▸ What the exercise asks: Copy exactly the stretch of data below from the line with "たとえばソフトバンクスマホユ" through the line with "耐えられる合理的ゲートウェイSchwarzkopf LIVE Color", including both of those lines.

▸ Provided data:
# # #
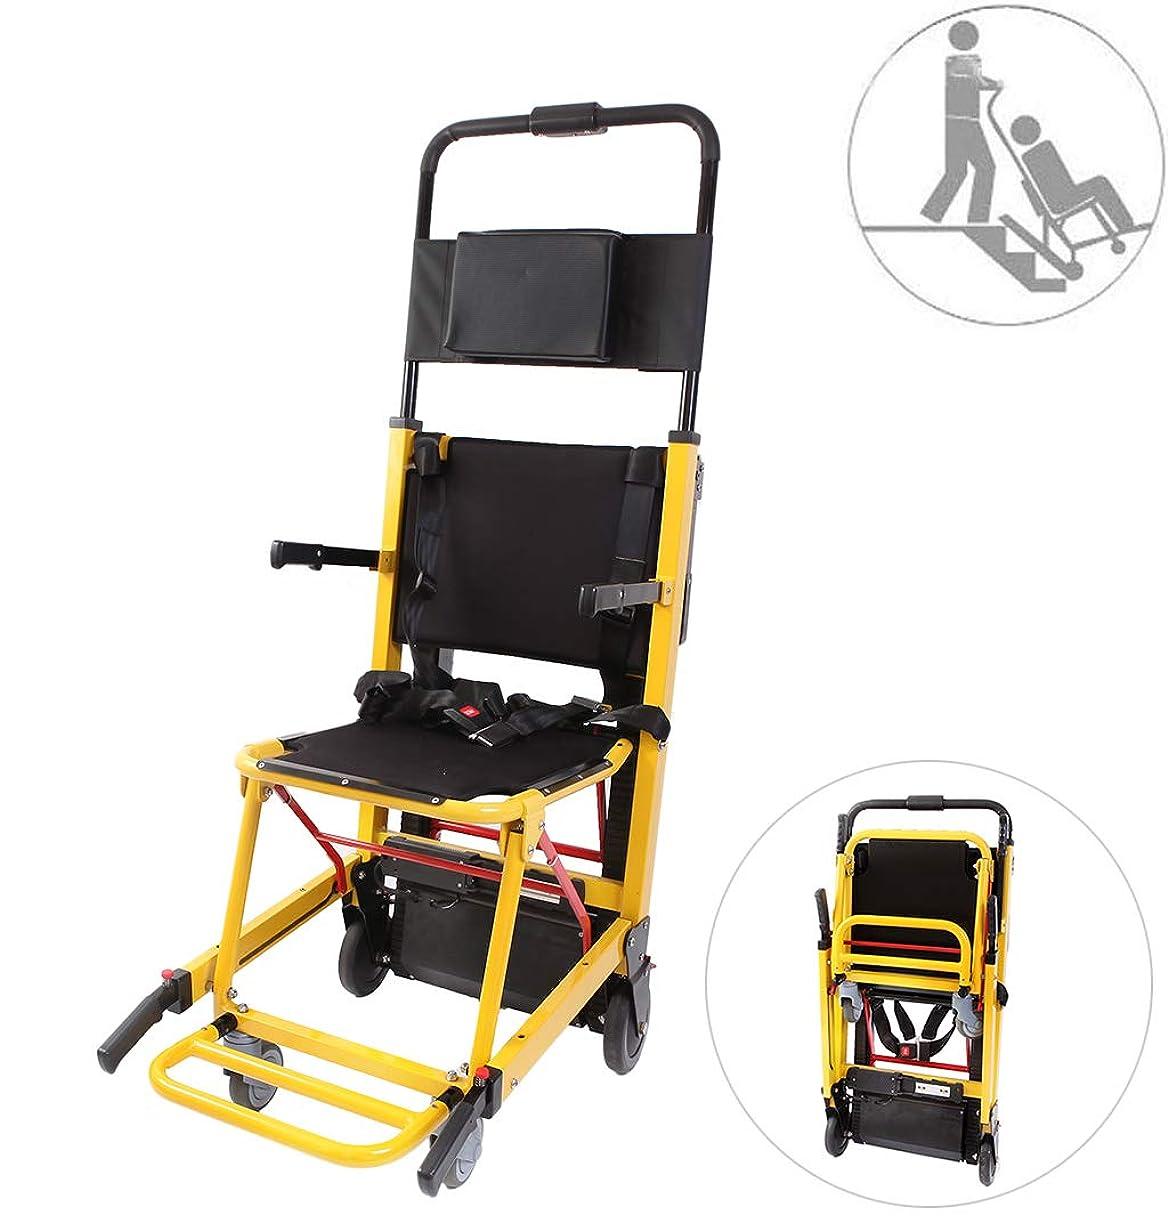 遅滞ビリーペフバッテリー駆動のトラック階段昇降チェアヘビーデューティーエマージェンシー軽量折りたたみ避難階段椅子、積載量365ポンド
# # #
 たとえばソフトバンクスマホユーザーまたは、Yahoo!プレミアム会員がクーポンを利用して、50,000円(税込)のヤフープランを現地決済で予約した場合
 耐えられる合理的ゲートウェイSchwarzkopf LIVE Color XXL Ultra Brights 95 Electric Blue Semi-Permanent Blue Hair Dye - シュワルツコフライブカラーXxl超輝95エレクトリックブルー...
# # #
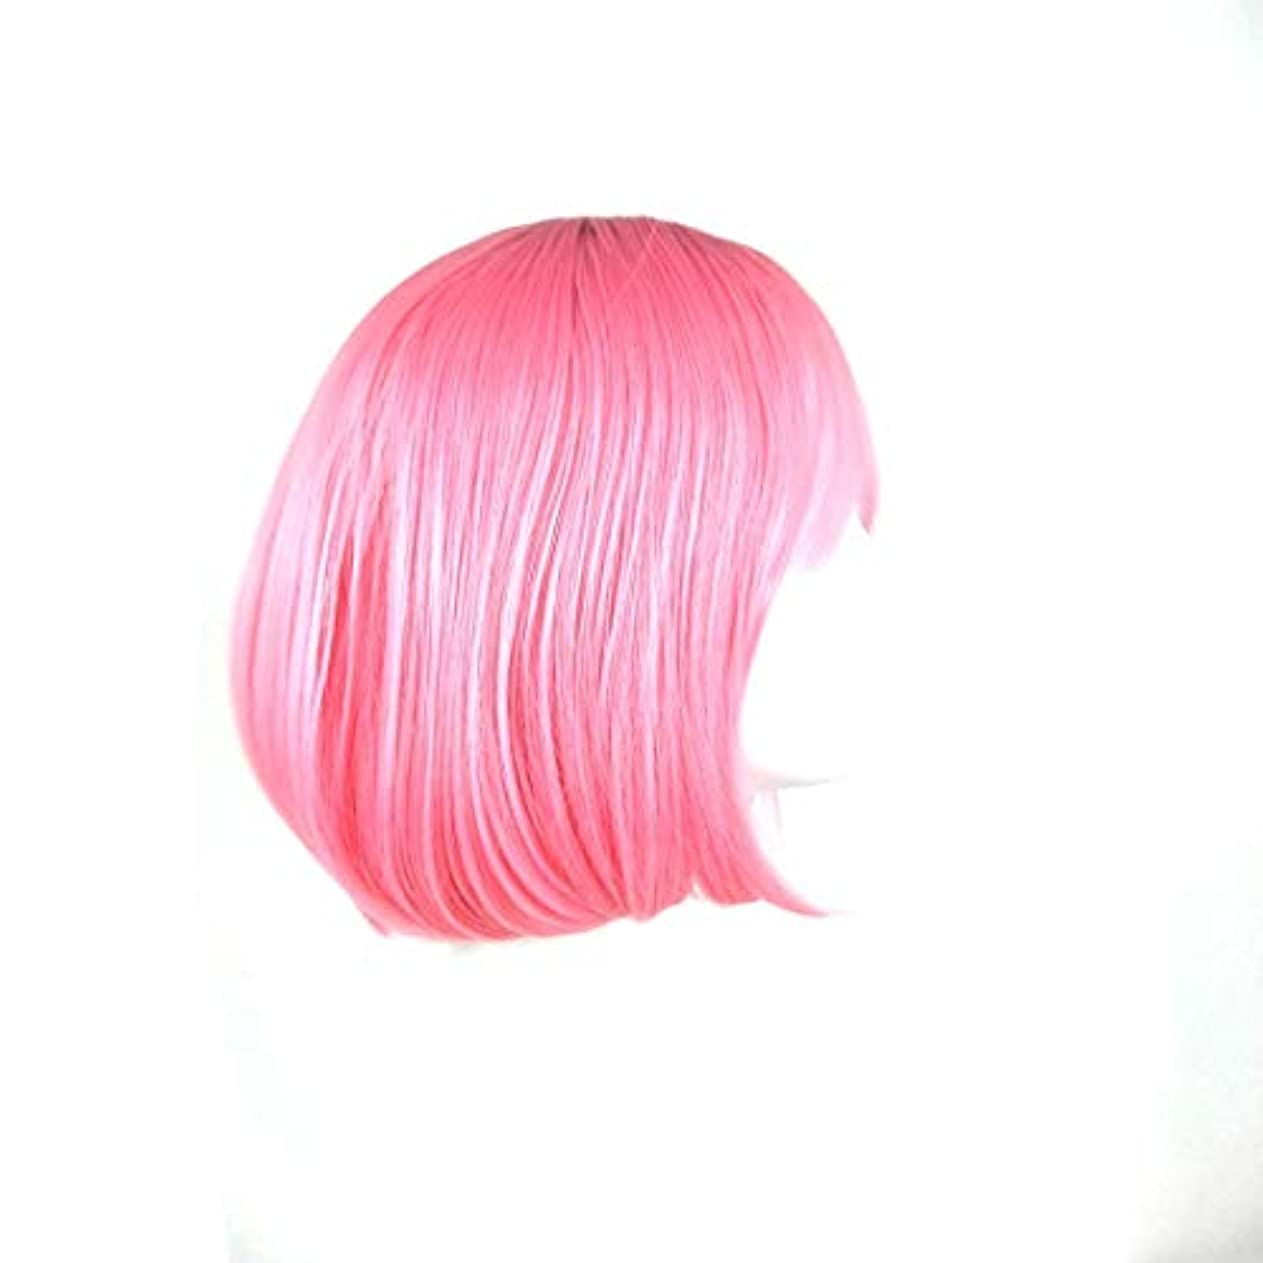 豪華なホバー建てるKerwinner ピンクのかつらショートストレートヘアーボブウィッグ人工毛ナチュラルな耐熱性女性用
# # #
▸ Problem solution:
 たとえばソフトバンクスマホユーザーまたは、Yahoo!プレミアム会員がクーポンを利用して、50,000円(税込)のヤフープランを現地決済で予約した場合
 耐えられる合理的ゲートウェイSchwarzkopf LIVE Color XXL Ultra Brights 95 Electric Blue Semi-Permanent Blue Hair Dye - シュワルツコフライブカラーXxl超輝95エレクトリックブルー...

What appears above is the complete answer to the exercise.